Data below.
—————
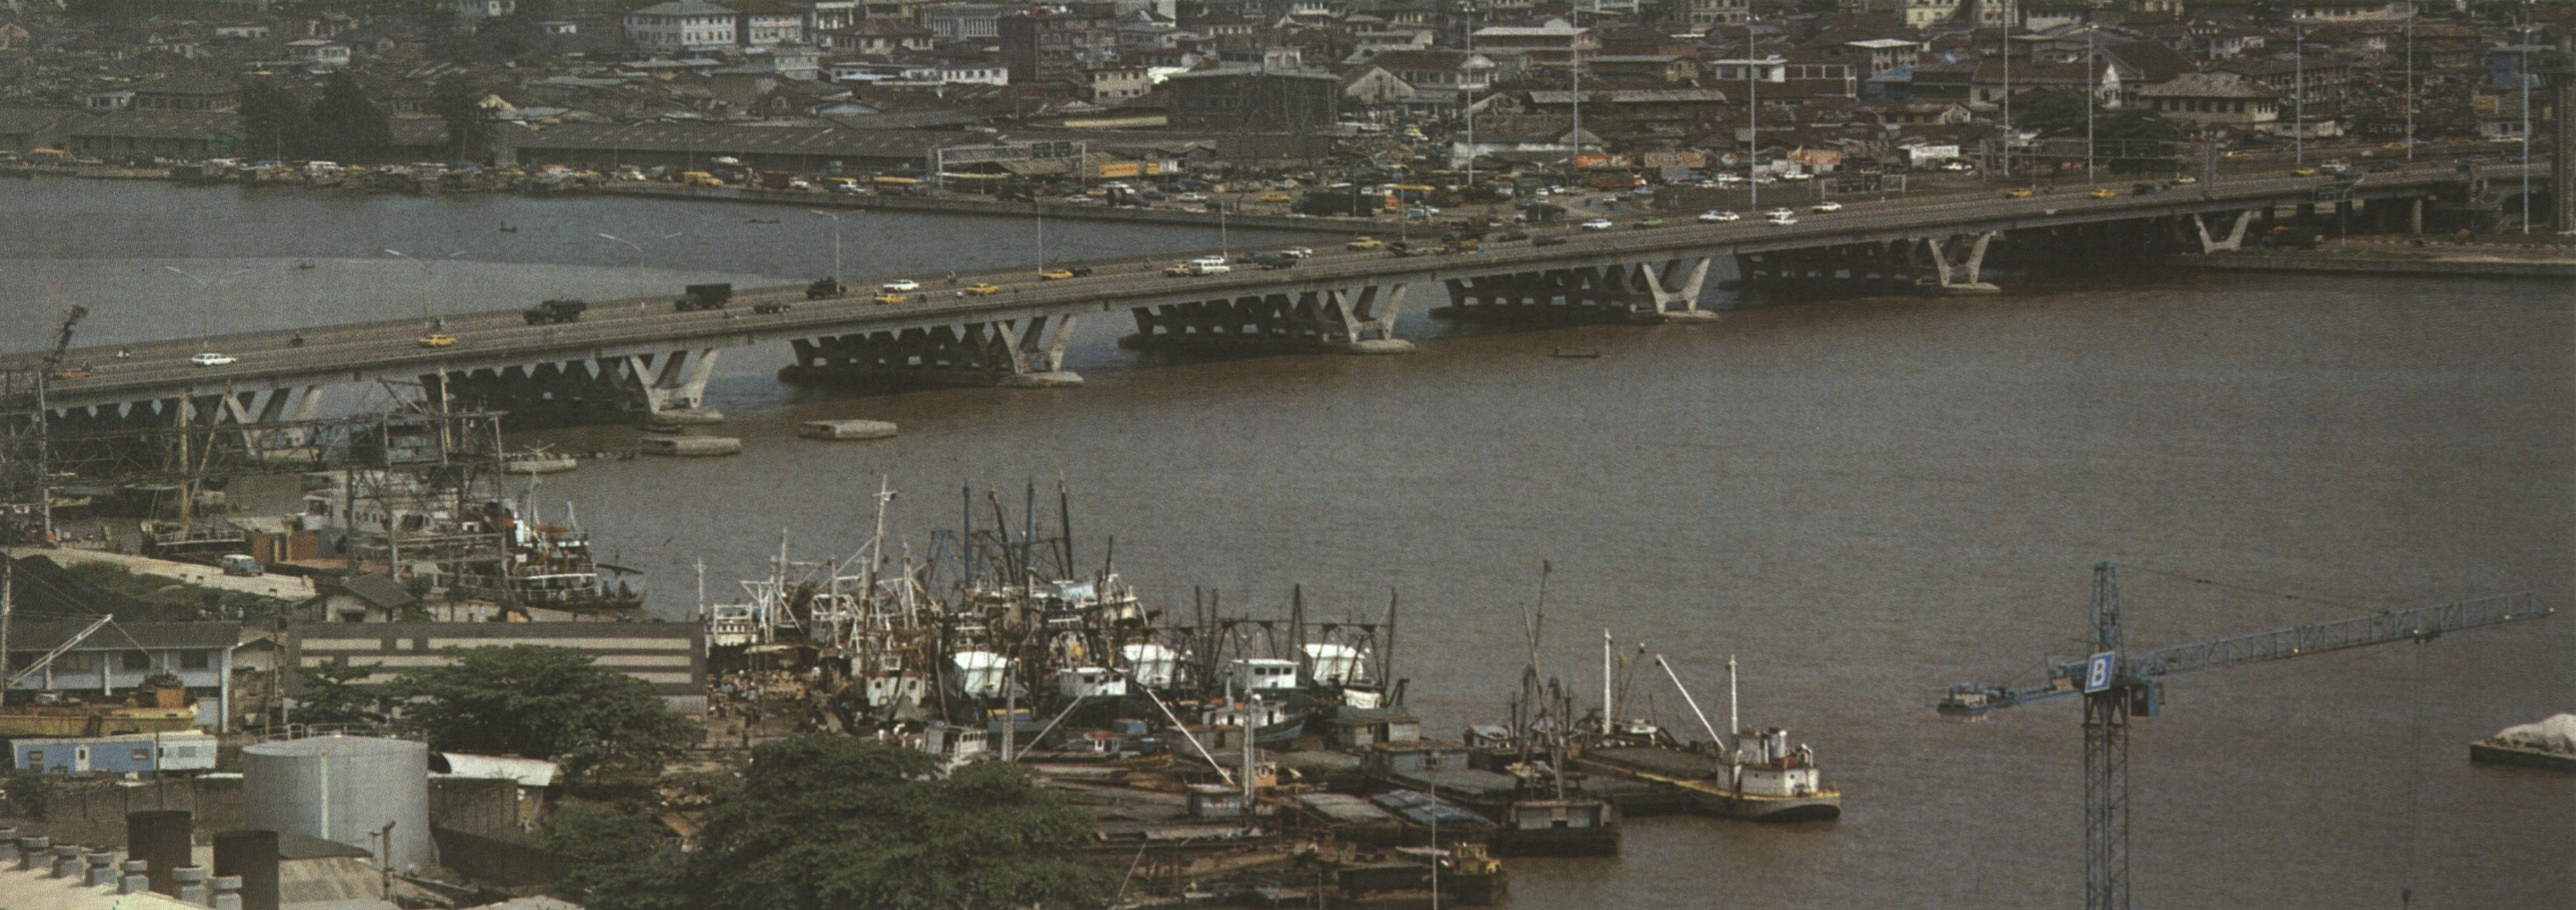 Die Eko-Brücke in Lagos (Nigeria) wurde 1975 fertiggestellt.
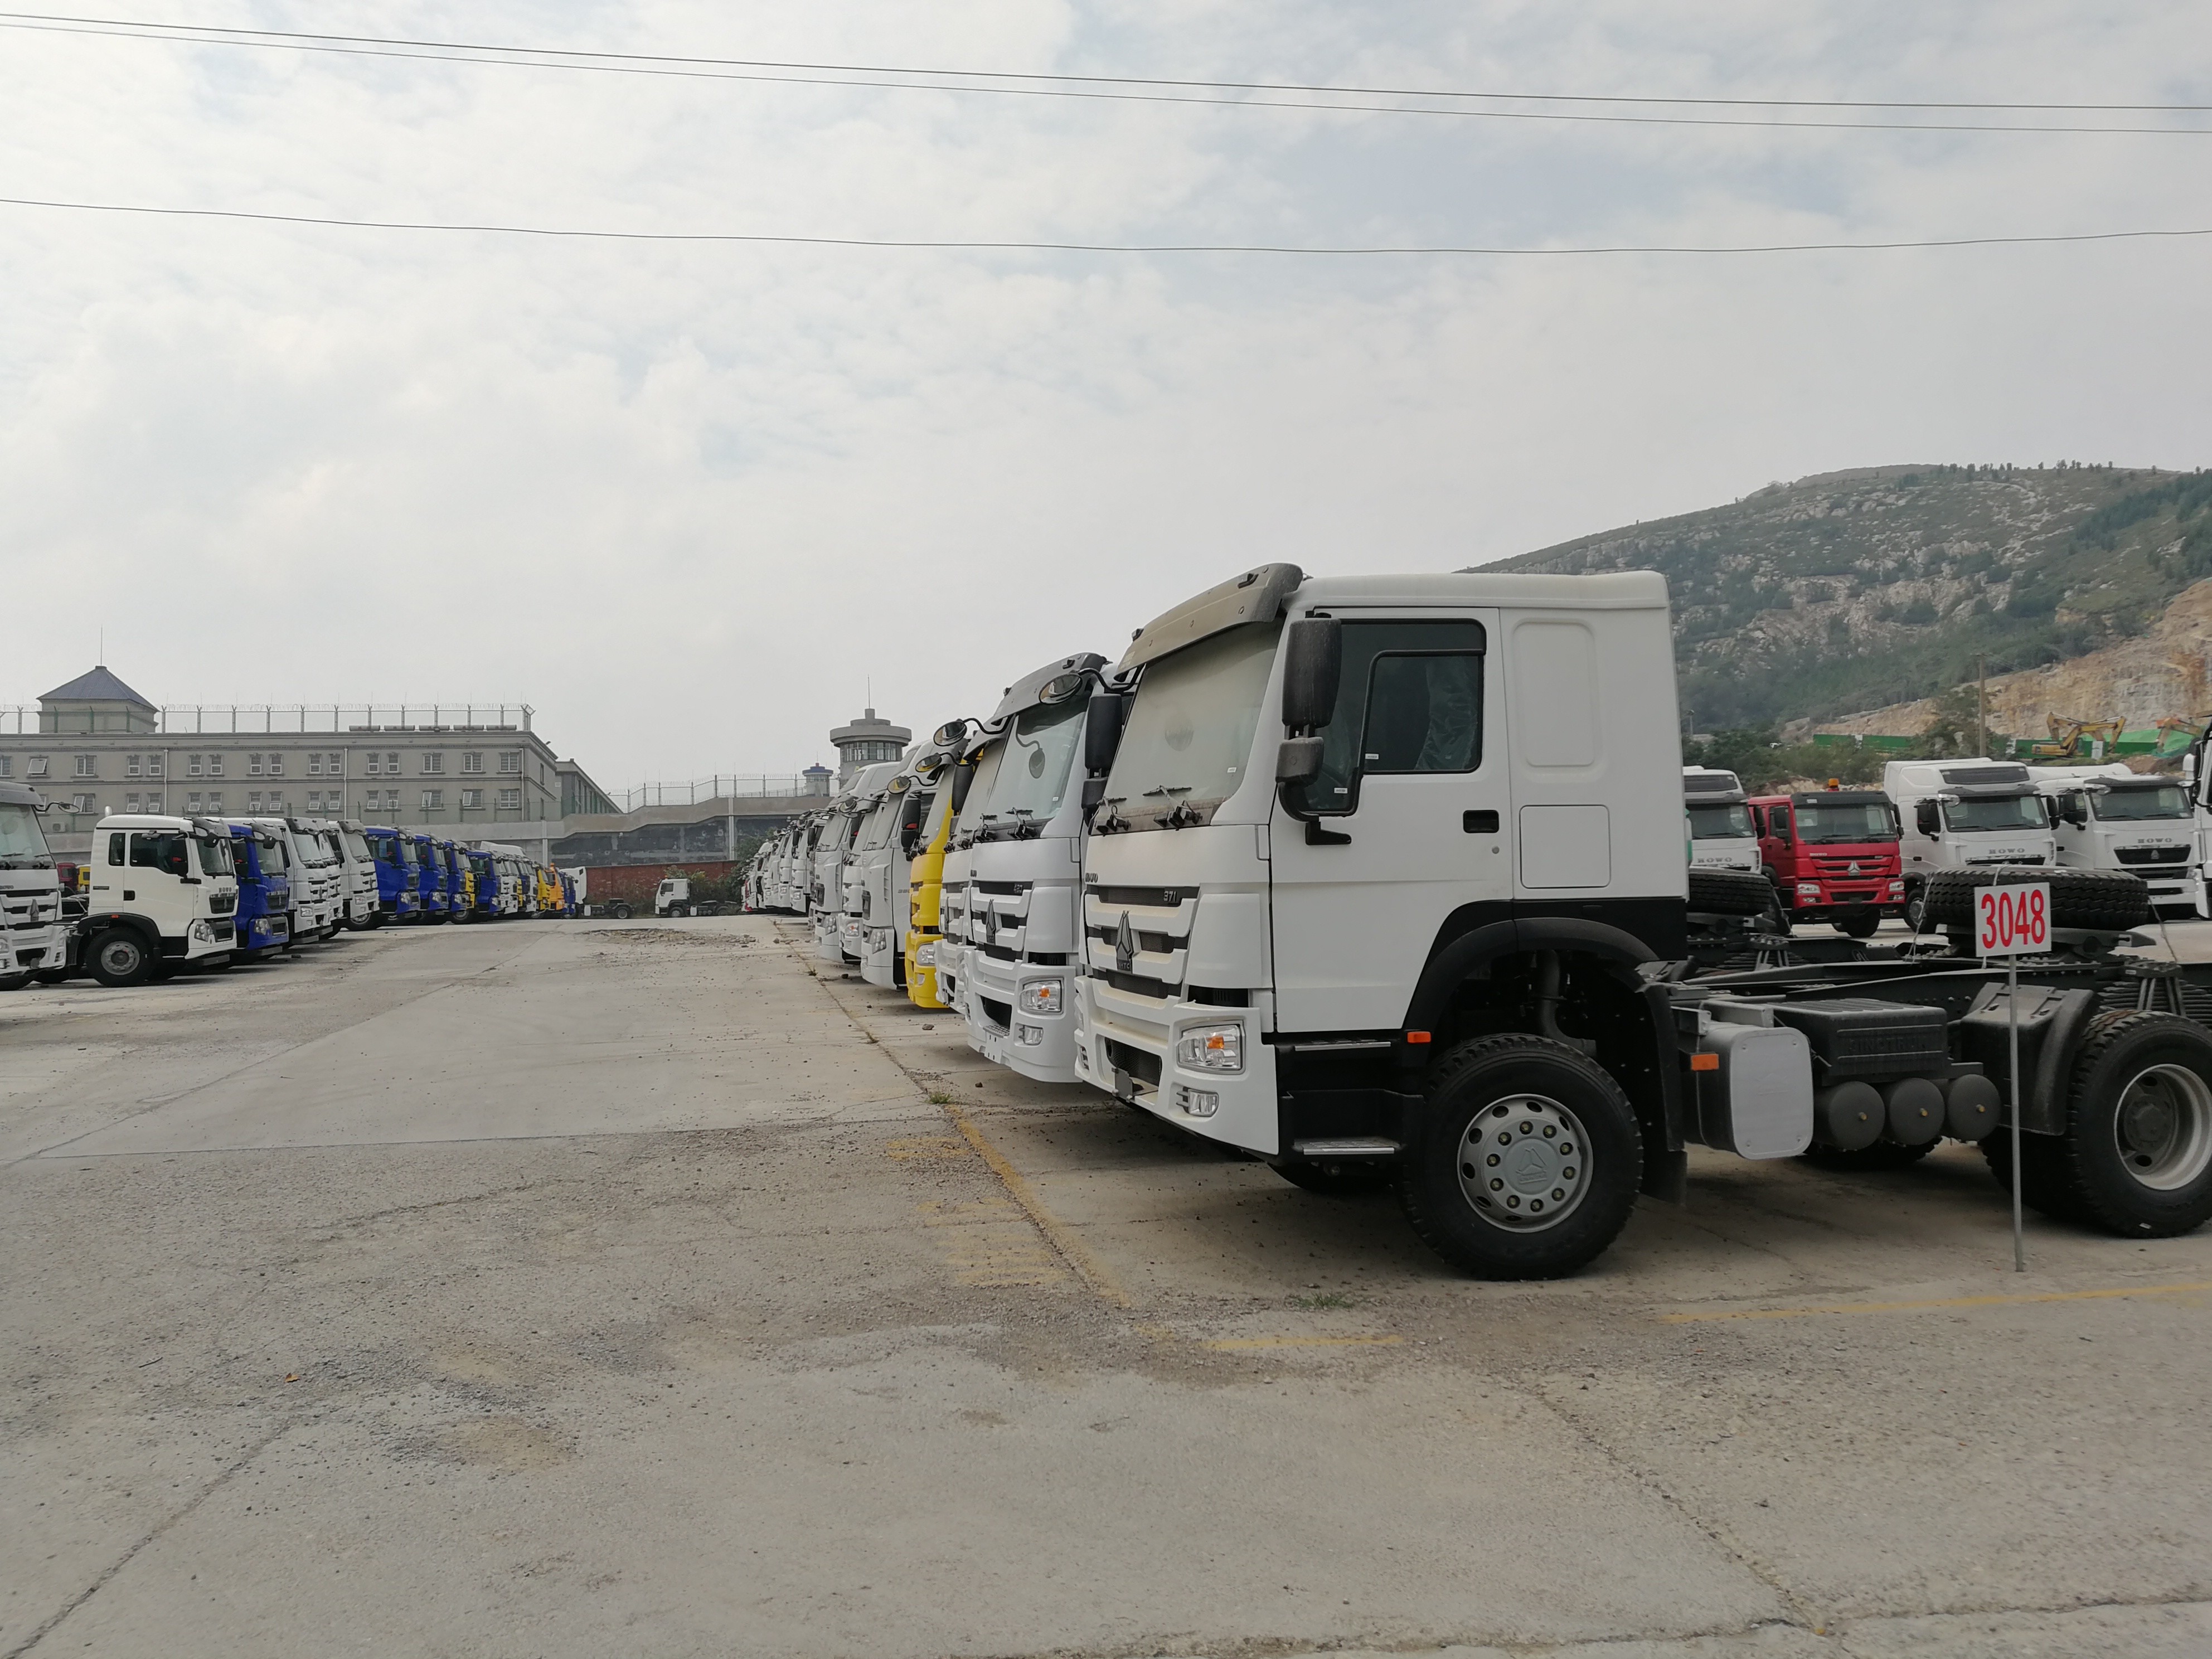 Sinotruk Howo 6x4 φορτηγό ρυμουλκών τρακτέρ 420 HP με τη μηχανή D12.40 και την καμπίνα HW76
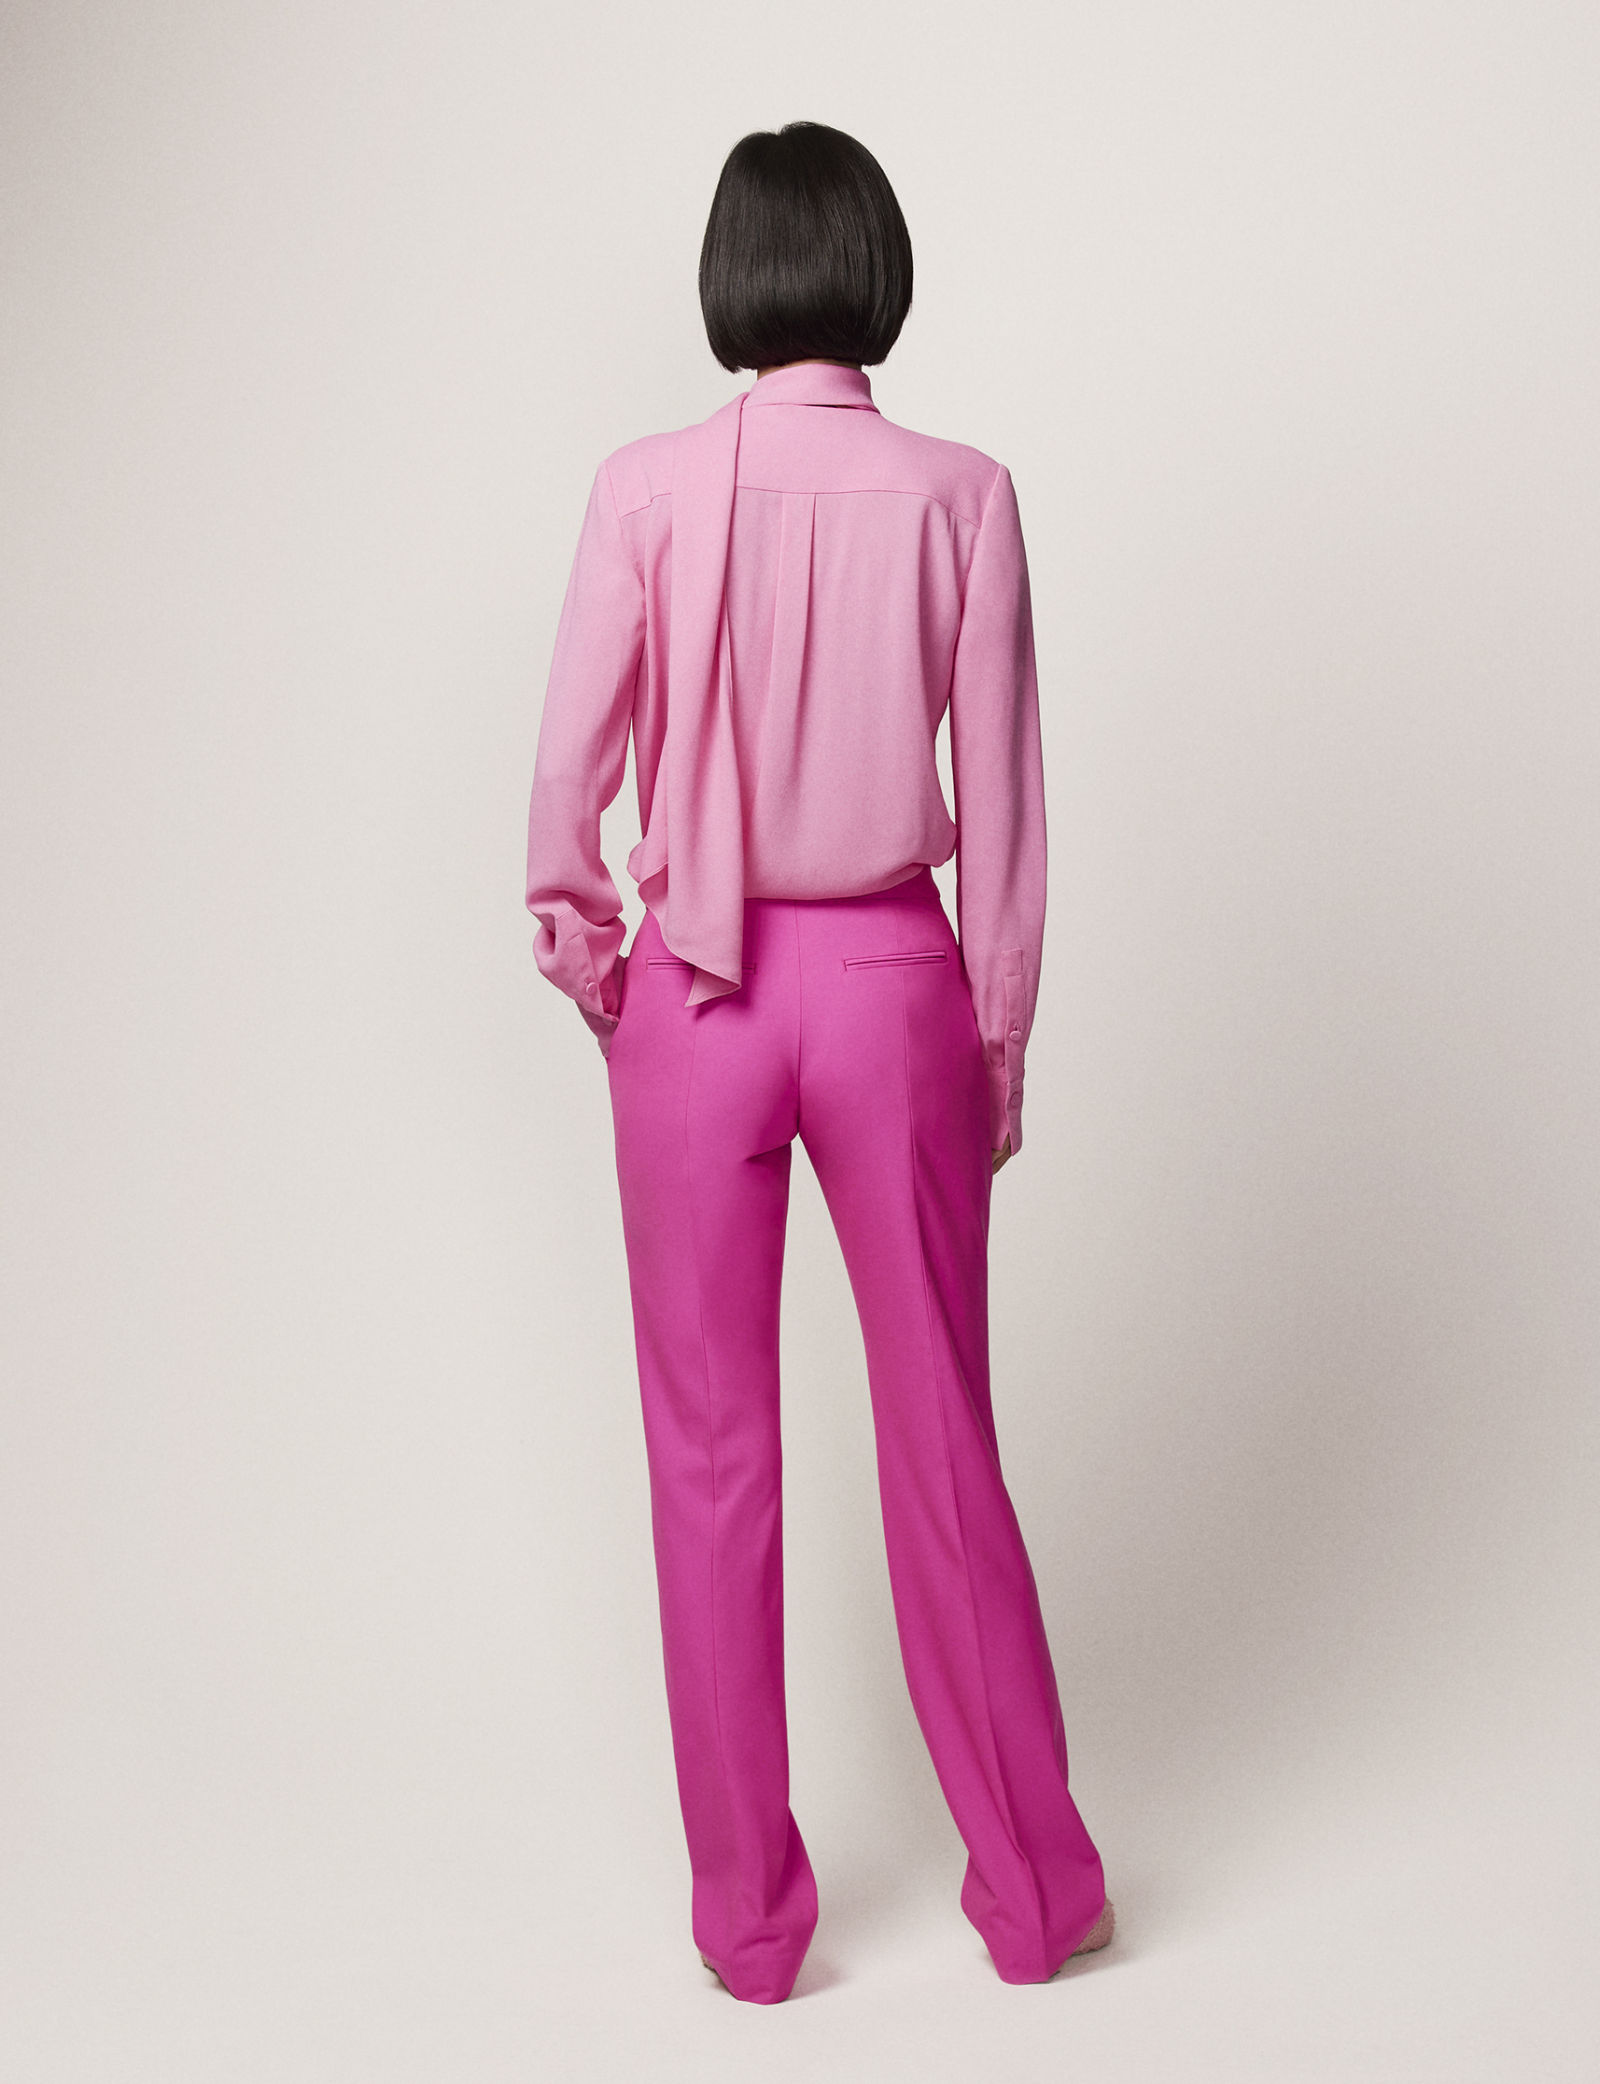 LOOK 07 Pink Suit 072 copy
—————
Exercise prompt.
Leaving out all pictures, retype exactly the lines that run from the one containing "Sinotruk Howo 6x4" through the last line of the material.

The completed task.
 Sinotruk Howo 6x4 φορτηγό ρυμουλκών τρακτέρ 420 HP με τη μηχανή D12.40 και την καμπίνα HW76
 LOOK 07 Pink Suit 072 copy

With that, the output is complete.